Grindstone to Success
Entrepreneurs aren’t always appreciated as much as they should be.
And Happy Australia Day (January 26th)!
(This comic strip was previously published on April 23th, 2009.)
Entrepreneurs aren’t always appreciated as much as they should be.
And Happy Australia Day (January 26th)!
(This comic strip was previously published on April 23th, 2009.)
I’d be wary of a Wombat with an electric grinder too.
Why? I’m pretty good with the grinder. Other than the time I. . .oh, nevermind.
ahah, maybe a free trial might soften Chris up.
Thanks for adding me to your webcomics list!
You’re welcome, Chur.
Free! I should’ve thought of that!
Hey, a free teeth cleaning!
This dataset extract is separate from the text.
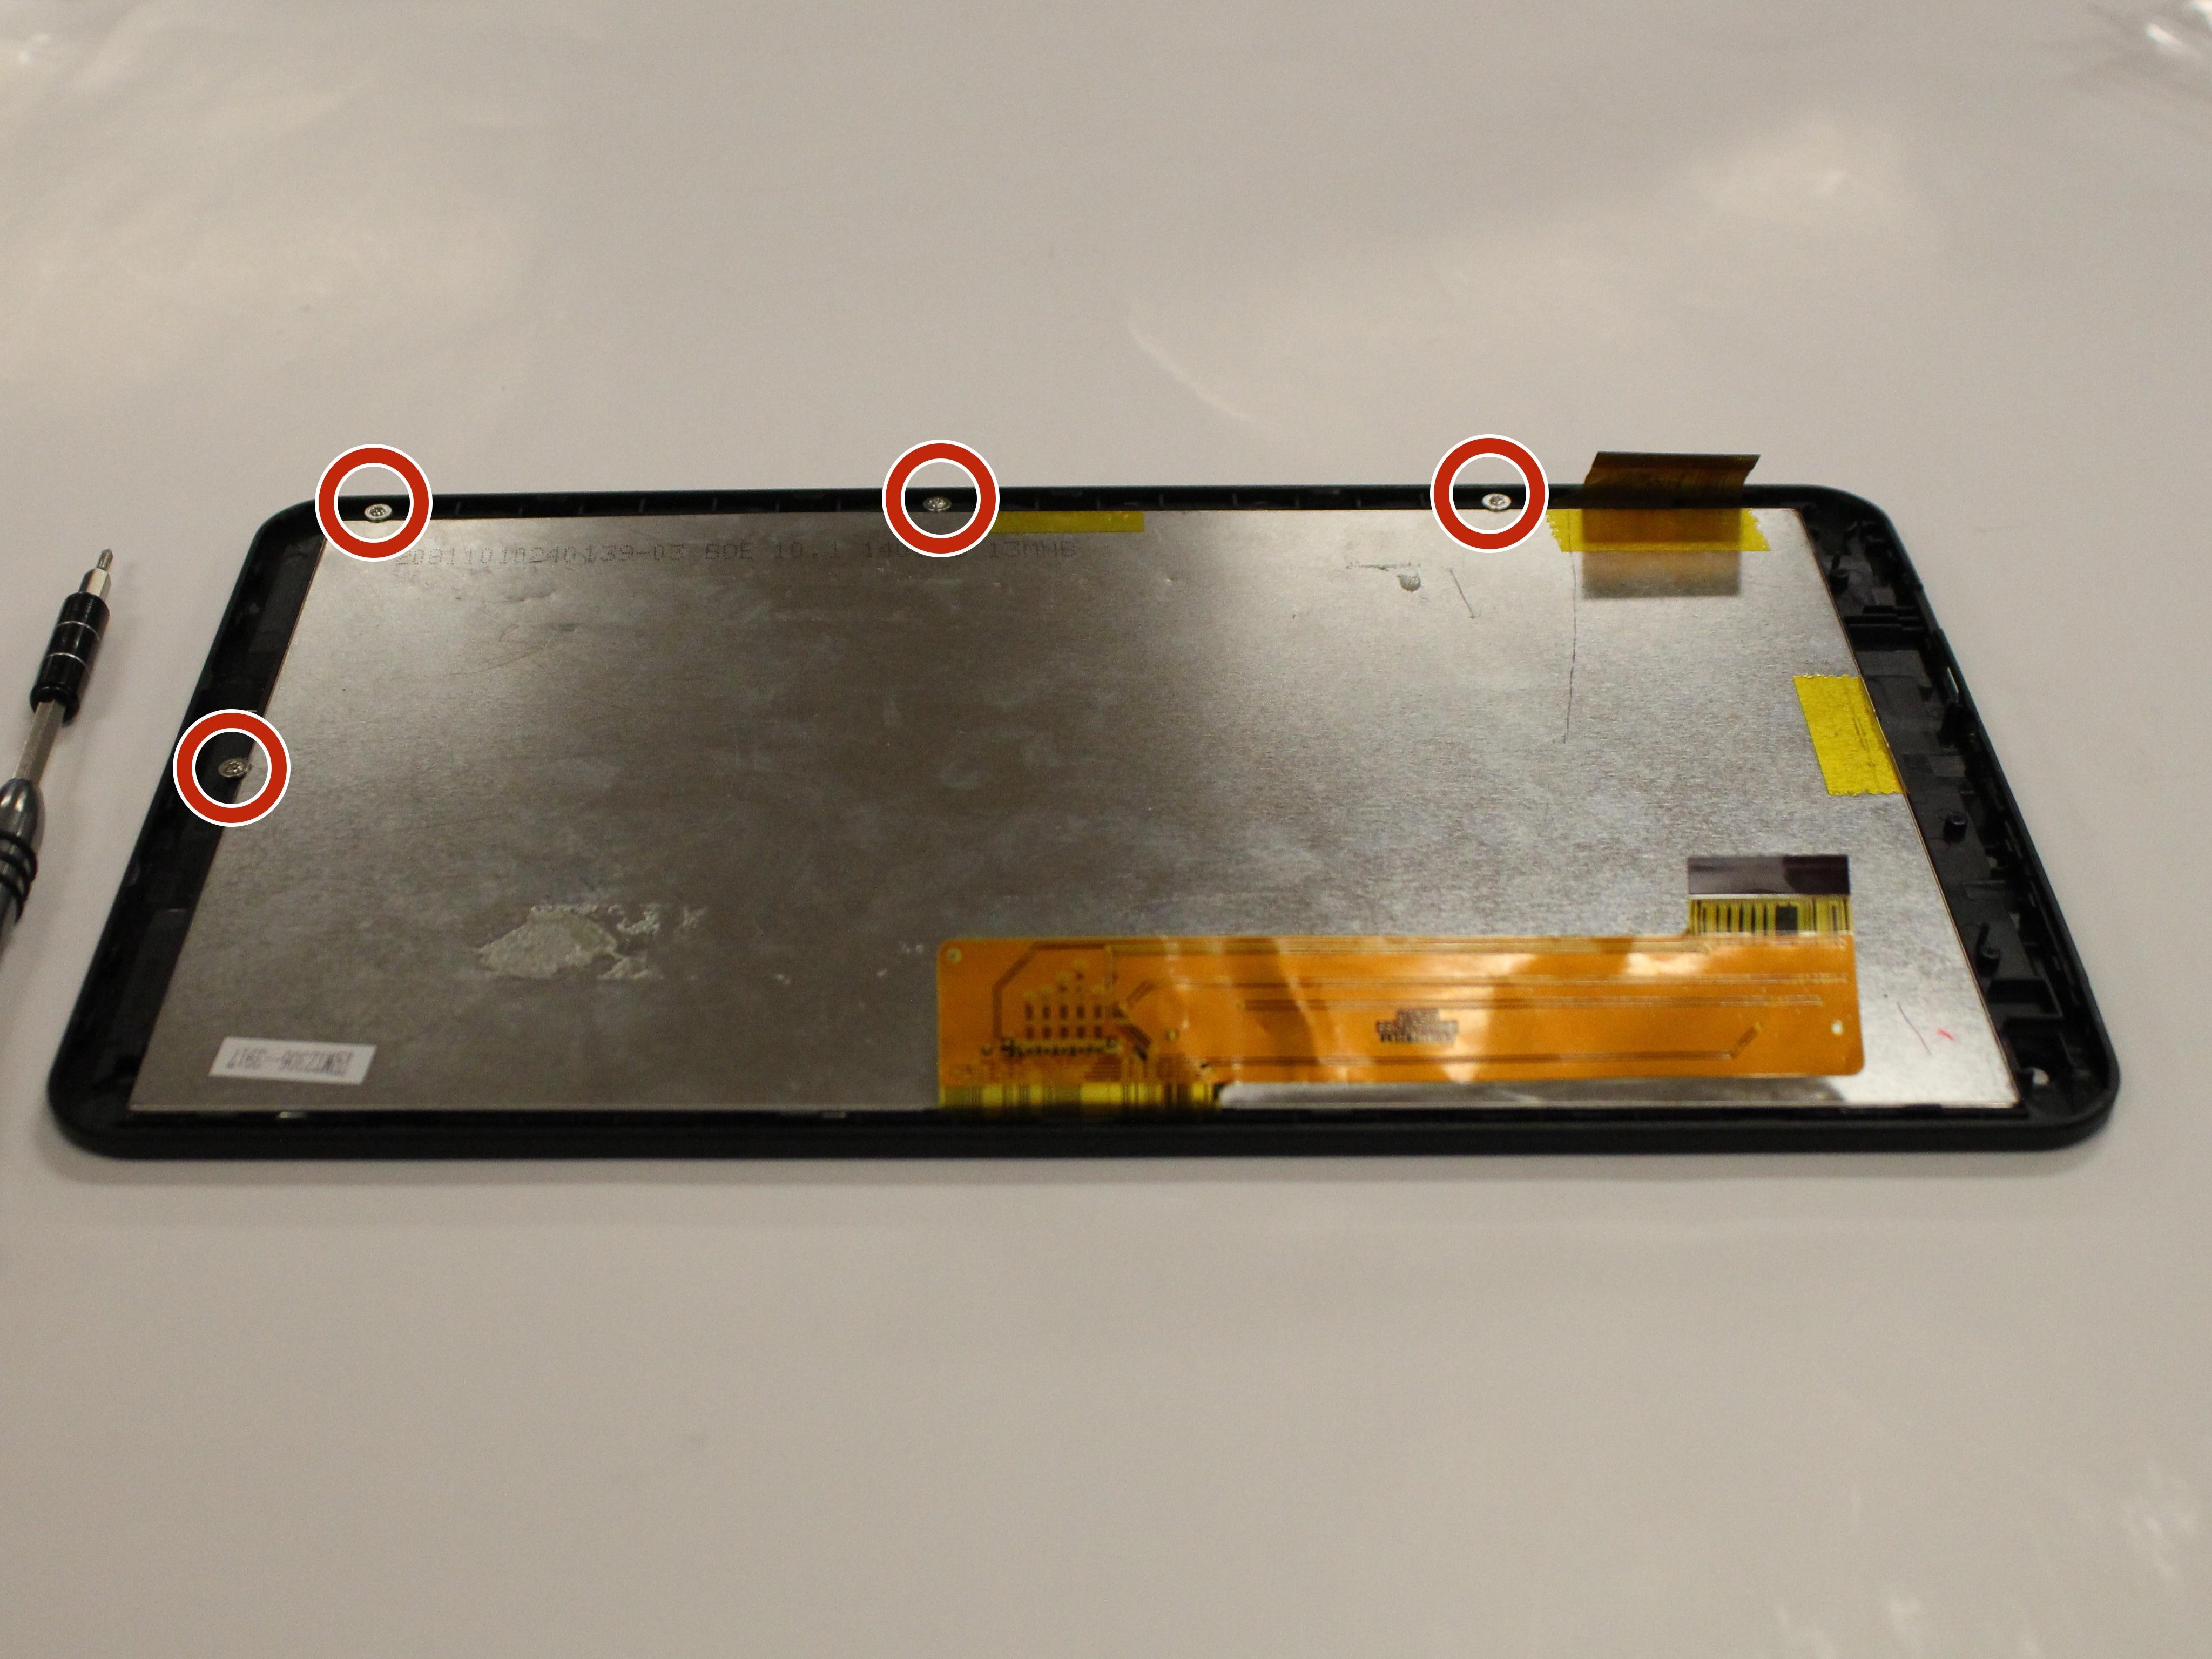 DigiLand DL1010Q Repair - iFixit

How can you turn that down! 🙂
Well I didn’t say it was free, but I probably should have.
I think he’s been taking lessons from my dentist!
think my dentist went to the same school as yours !
I didn’t really go to dentist school, but how hard can it be to grind a few teeth clean?
That was probably the prototype for the electric toothbrush.
Maybe I could sell the patent.
Ah, yes! Power tools = hours of entertainment! Of course pearly whites might disagree, but they’ve never really been much of a party animal, anyway, I guess.
🙂
Yeah, power tools are lots of fun! Especially when you get paid to use them. Though no one has paid me yet.
….and I thought my teeth cleanings were unpleasant! P.S. THANKS for adding me to your web comics list!
You’re welcome, Nancy.
Think of the accessories that you can sell with it… like novocain!
Yeah! And maybe a bone to bite on.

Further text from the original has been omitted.